::: Recorded information
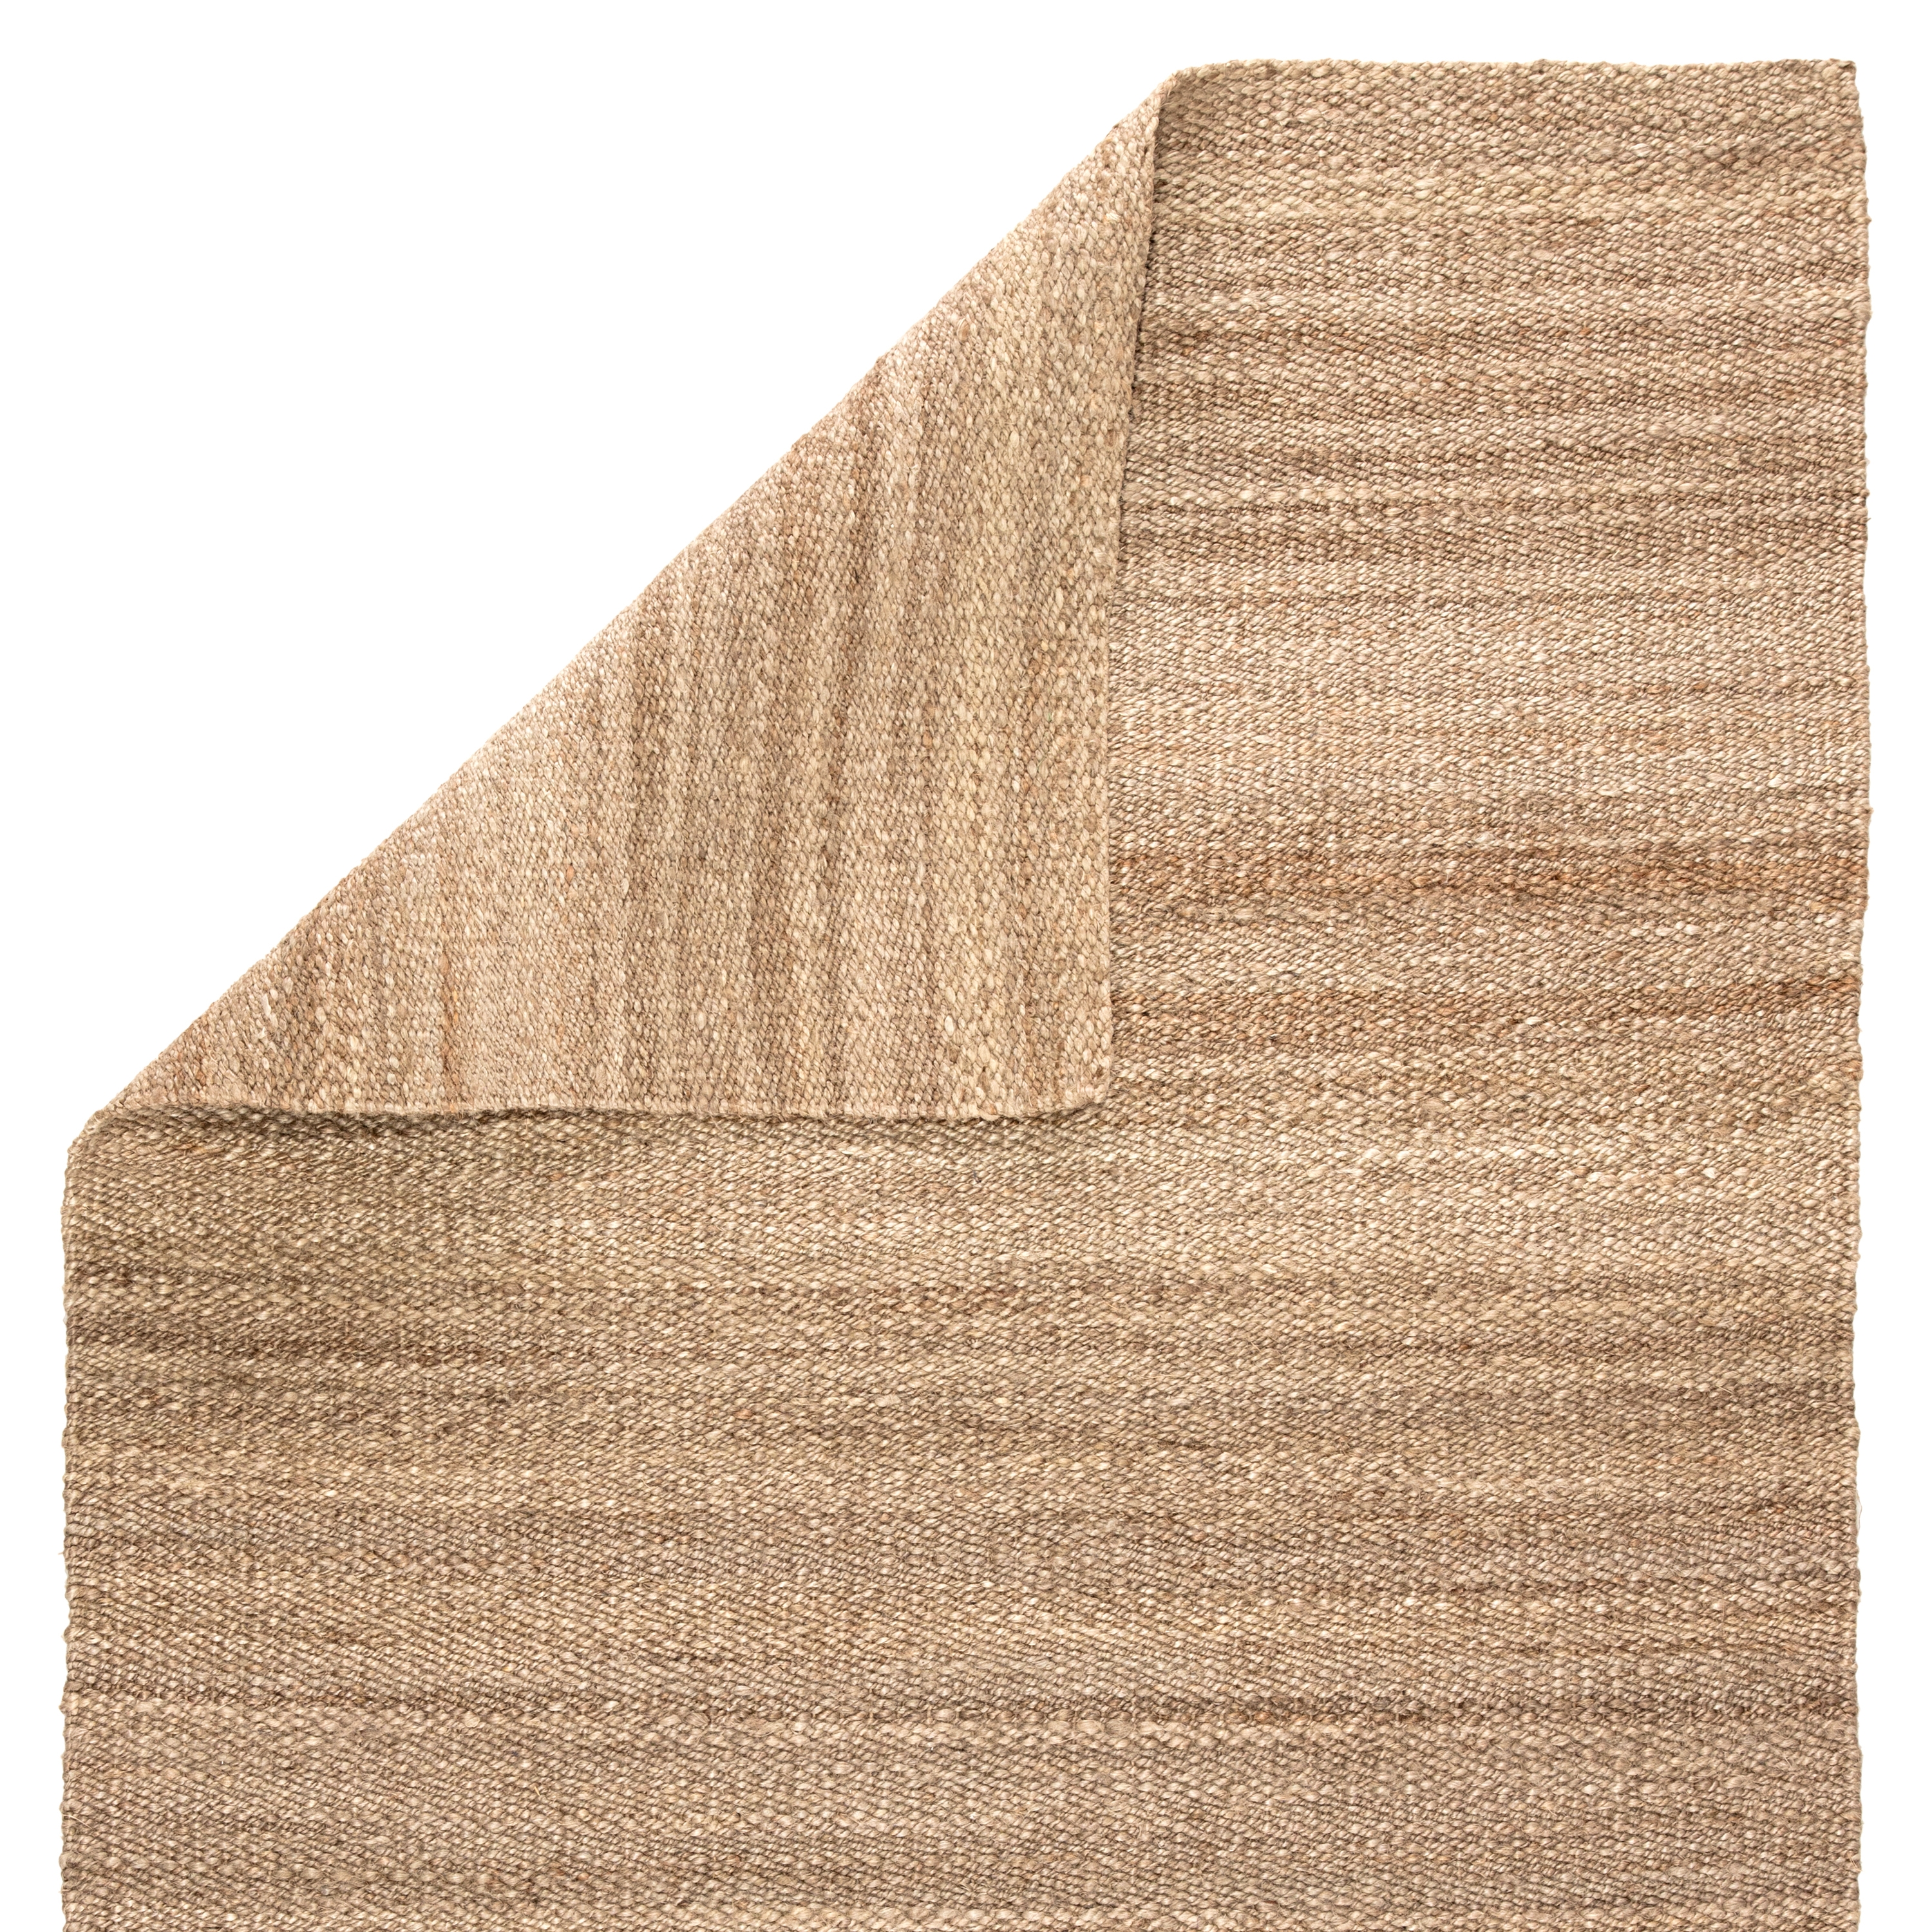 Hilo Natural Solid Tan Area Rug (5'X8') - Image 2
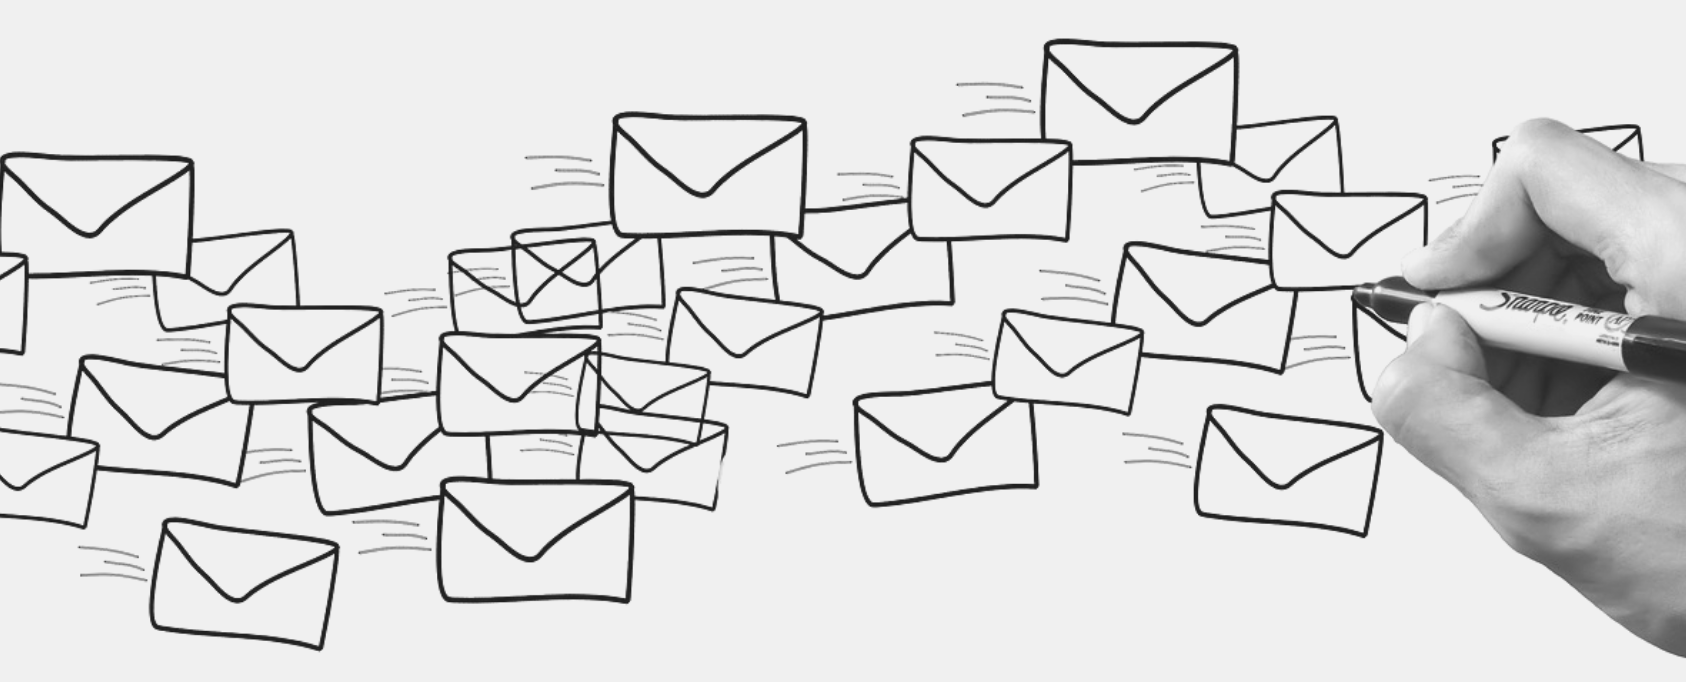 Tips for Taming Your Inbox.
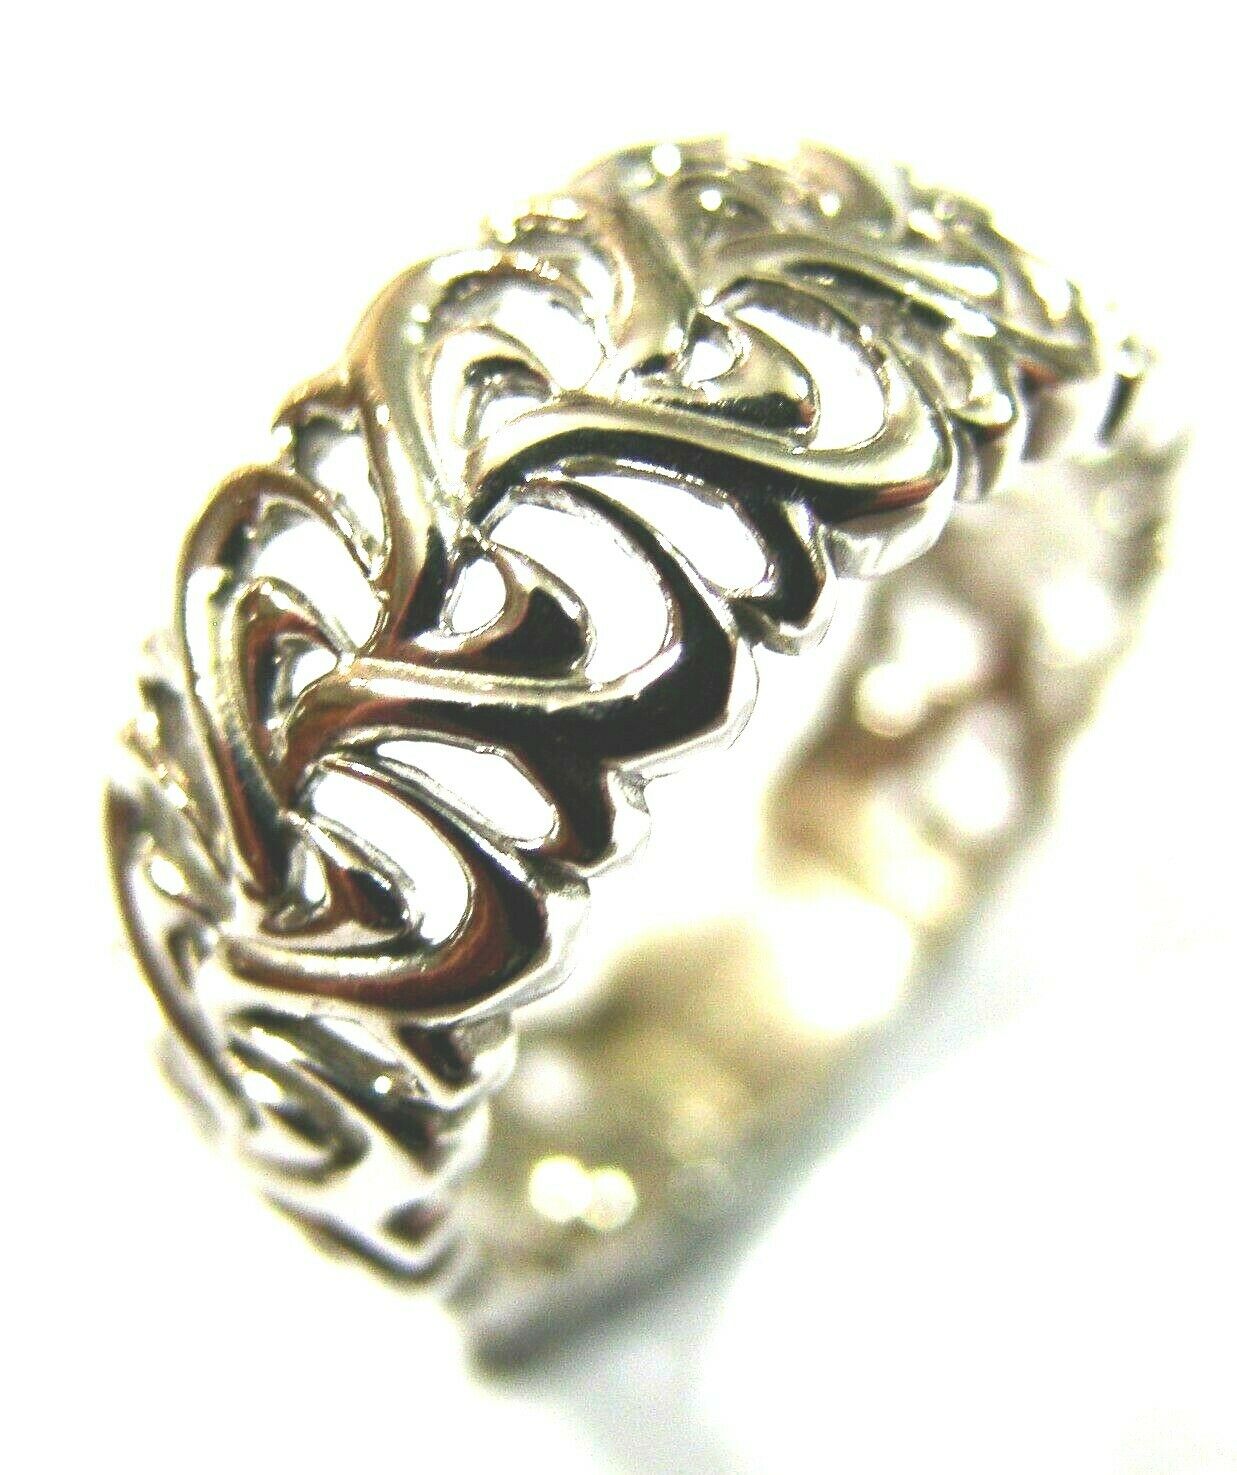 Genuine Size O 9ct 375 White Gold Wide Flower Filigree Ring
::::::
From the line containing "Tips for Taming Your Inbox." down to the final line of the listing above, write out only those lines exactly as they are, minus the pictures.

 Tips for Taming Your Inbox.
 Genuine Size O 9ct 375 White Gold Wide Flower Filigree Ring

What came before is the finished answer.